(Given material)

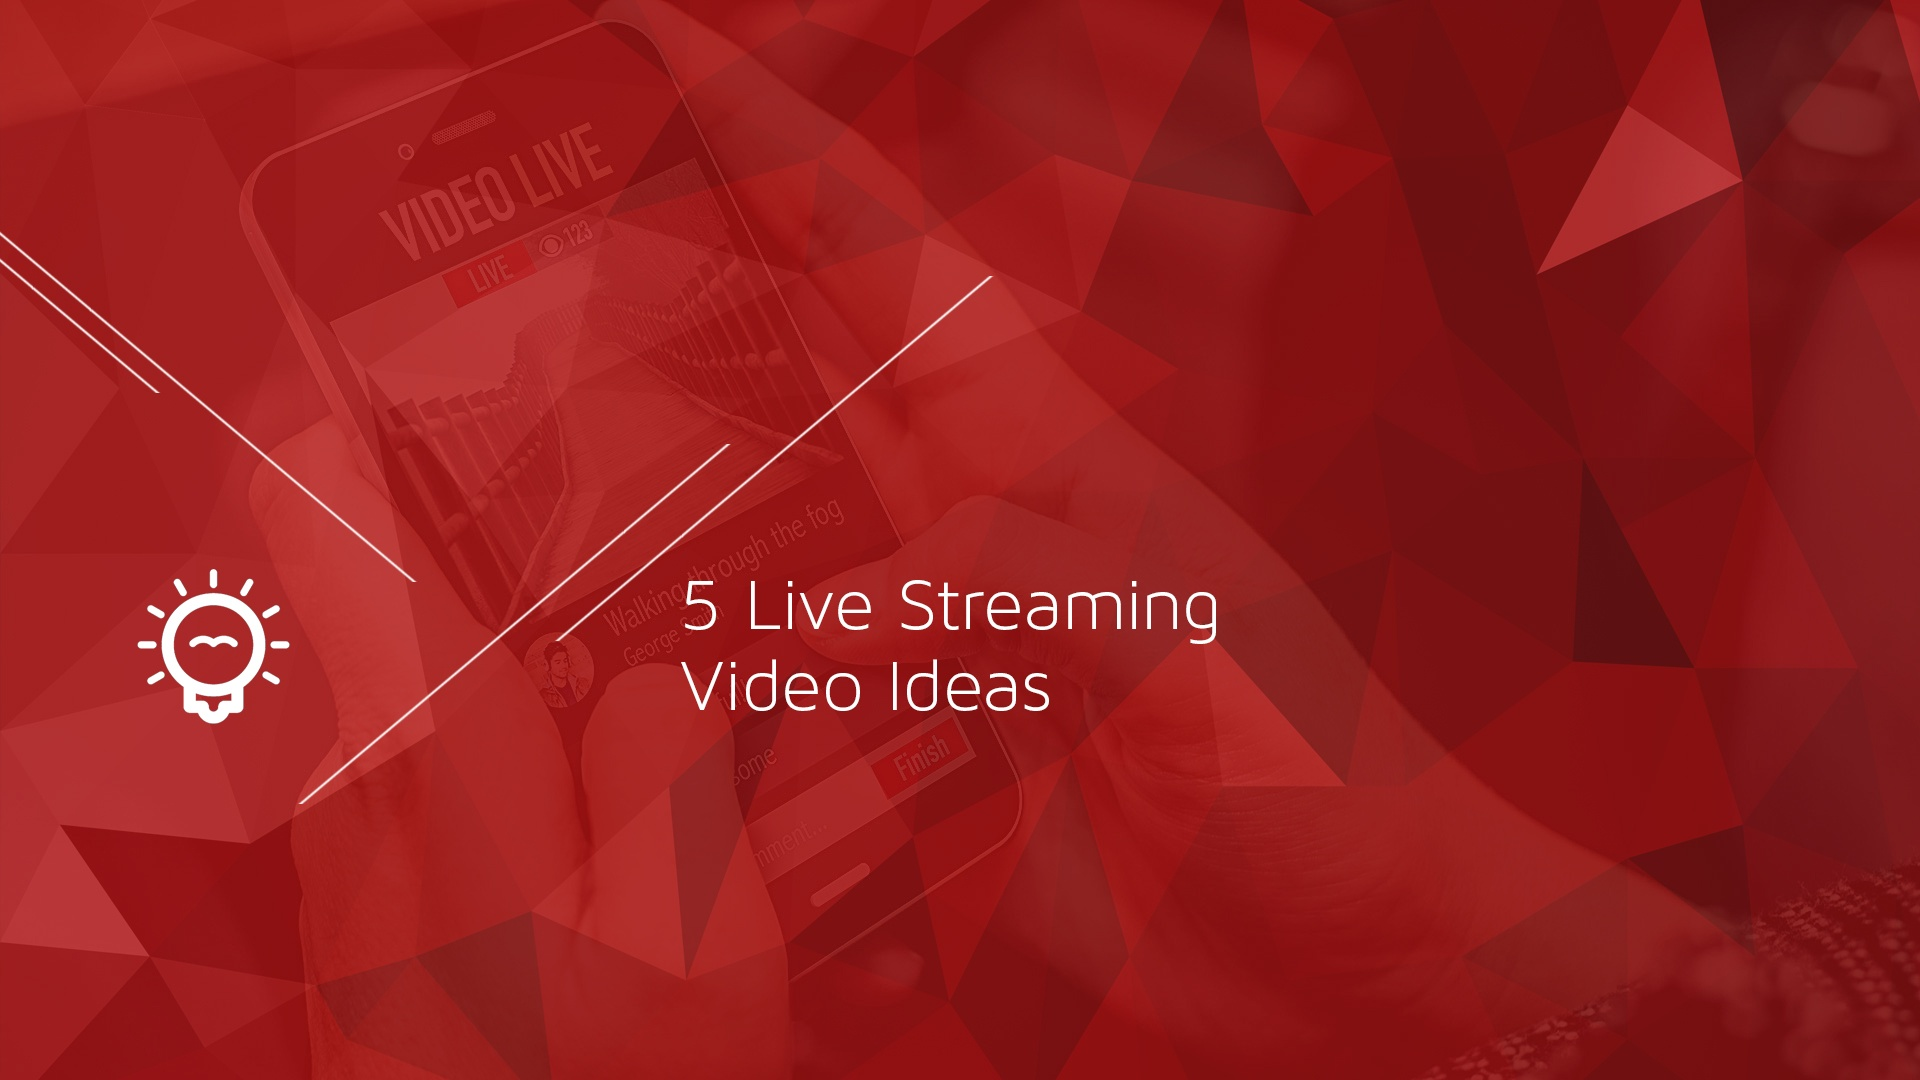 1---5-Live-Streaming-Video-Ideas-1.jpg
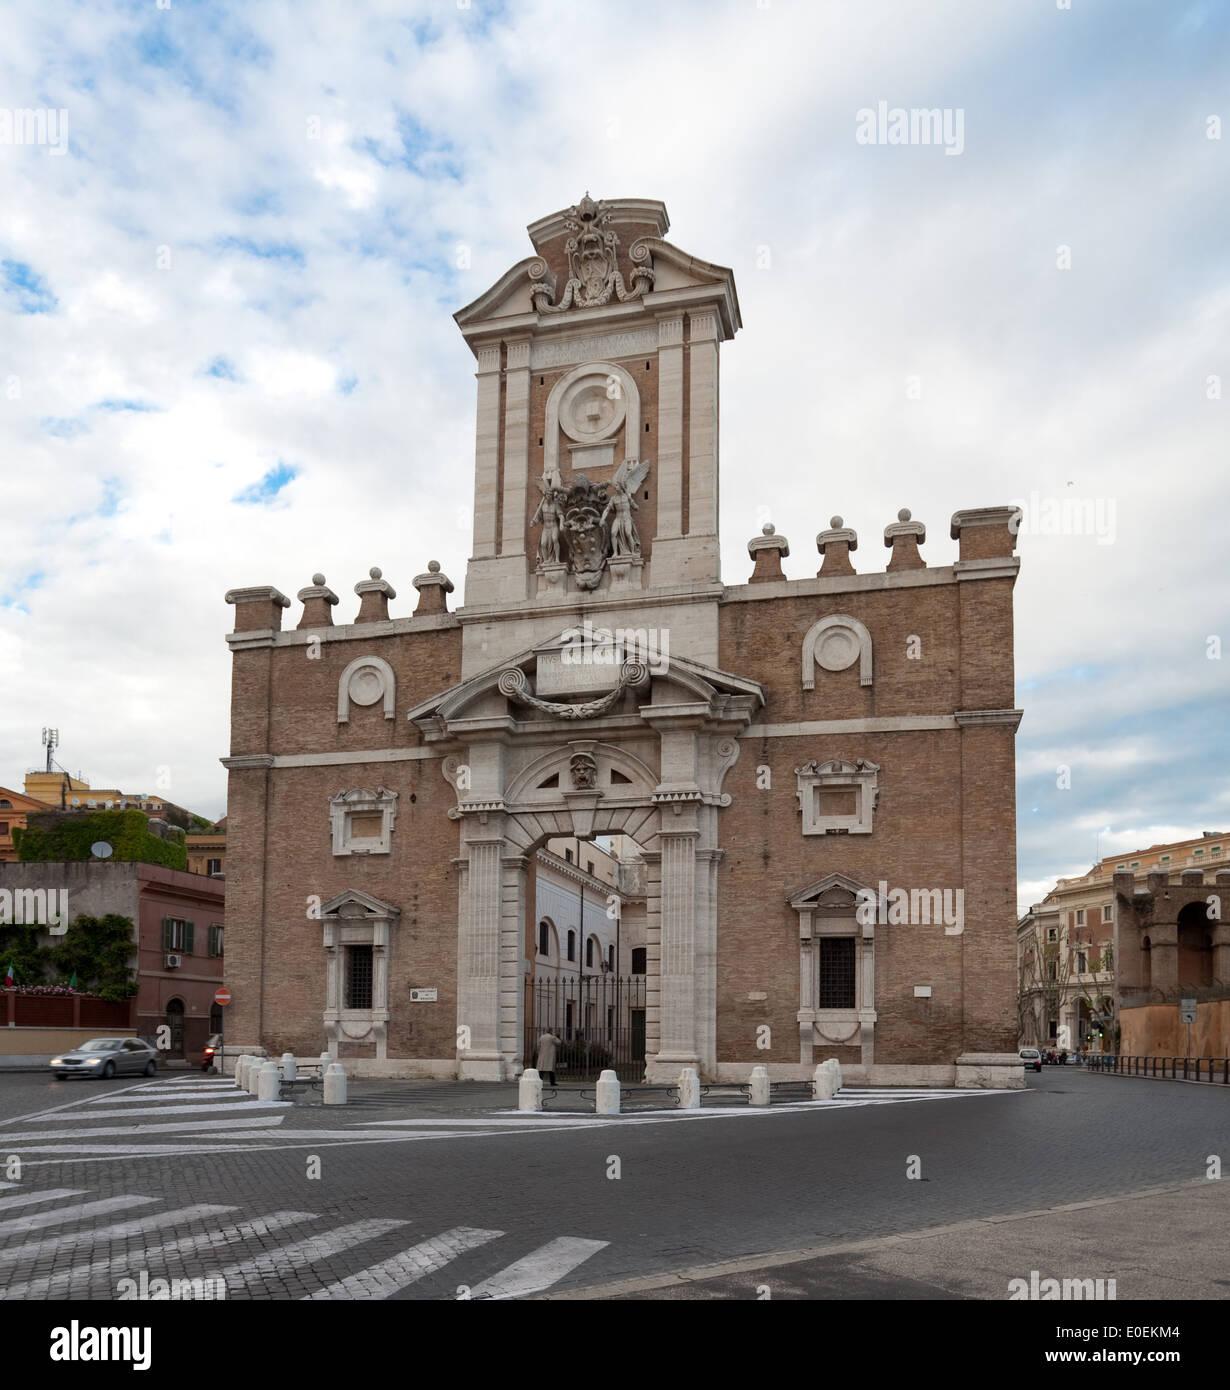 Porta Pia, Rom, Italien - Porta Pia, Rome, Italy - Stock Image
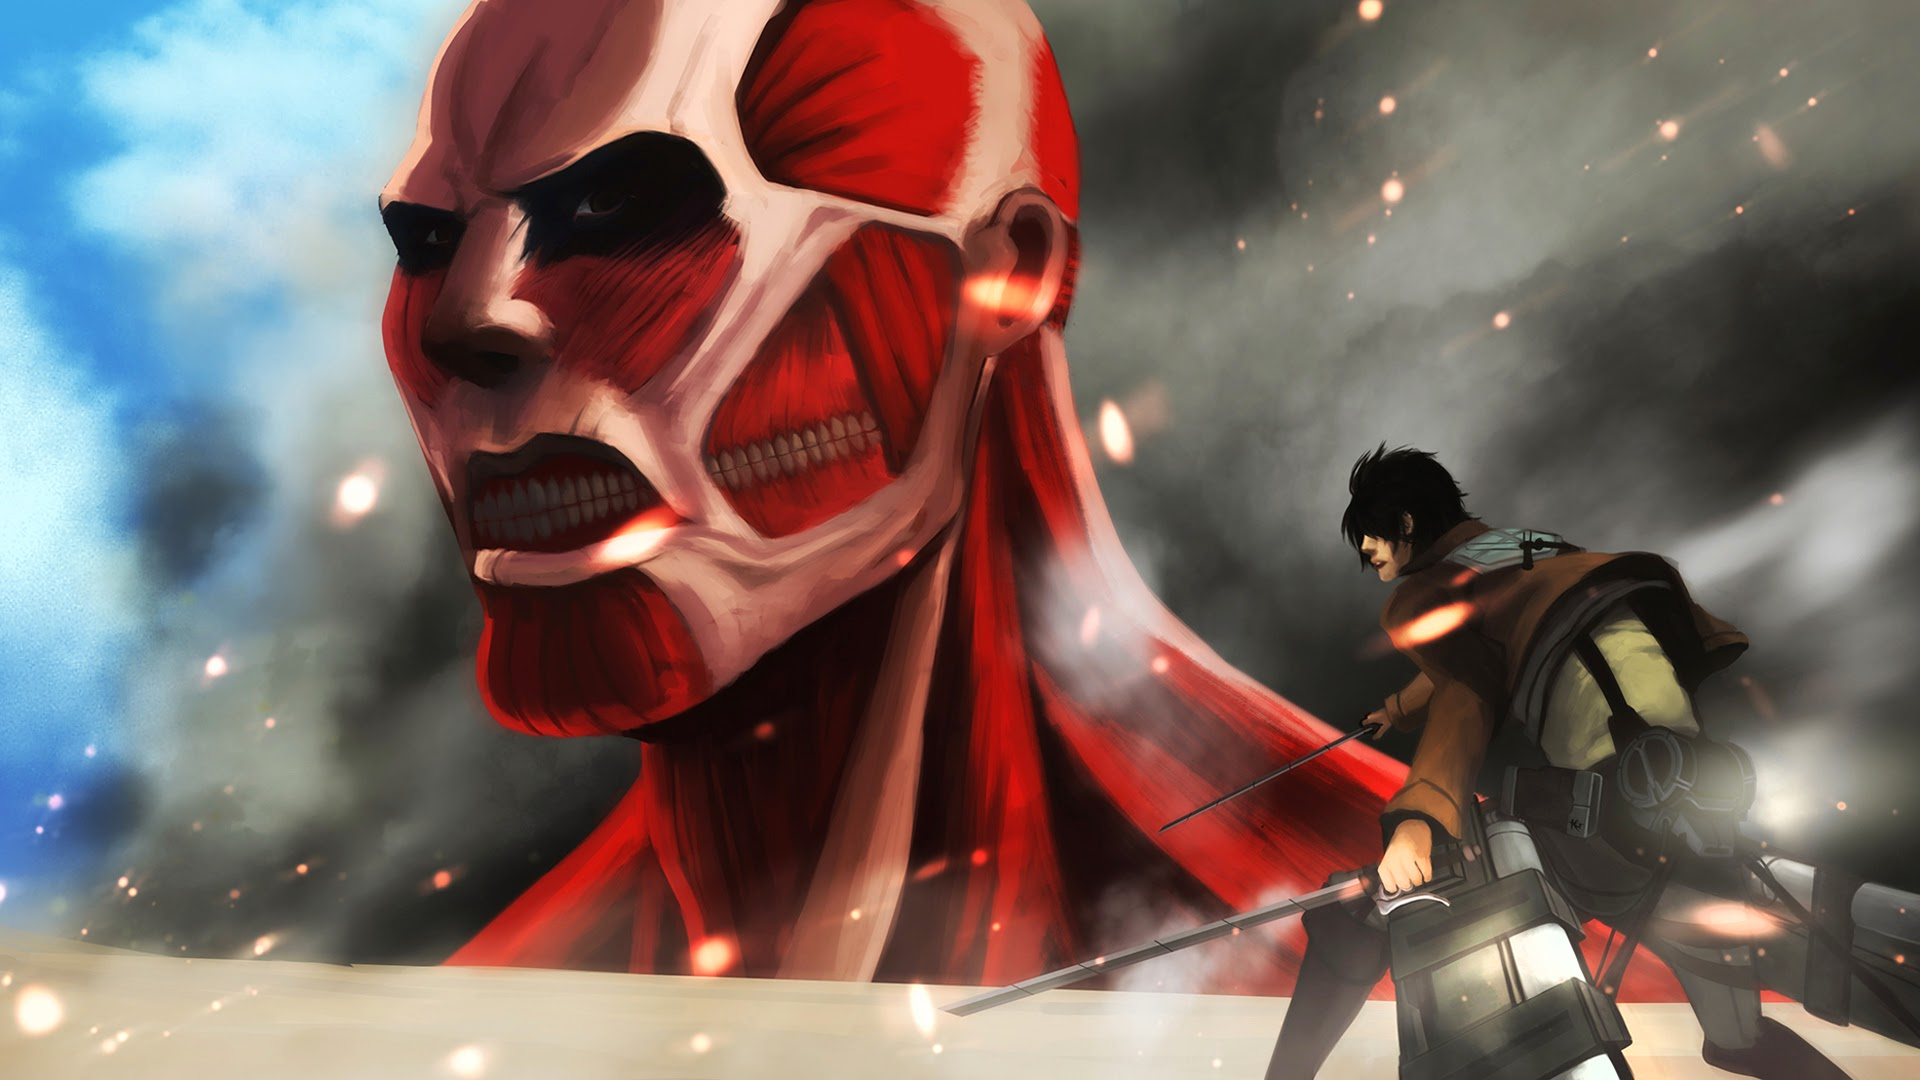 Eren Colossal Titan Attack on Titan 5o Wallpaper HD

(End Given material)

Task item – Everything in the data above should be set down again exactly, except the pictures.

Solution for this task –
 1---5-Live-Streaming-Video-Ideas-1.jpg
 Porta Pia, Rom, Italien - Porta Pia, Rome, Italy - Stock Image
 Eren Colossal Titan Attack on Titan 5o Wallpaper HD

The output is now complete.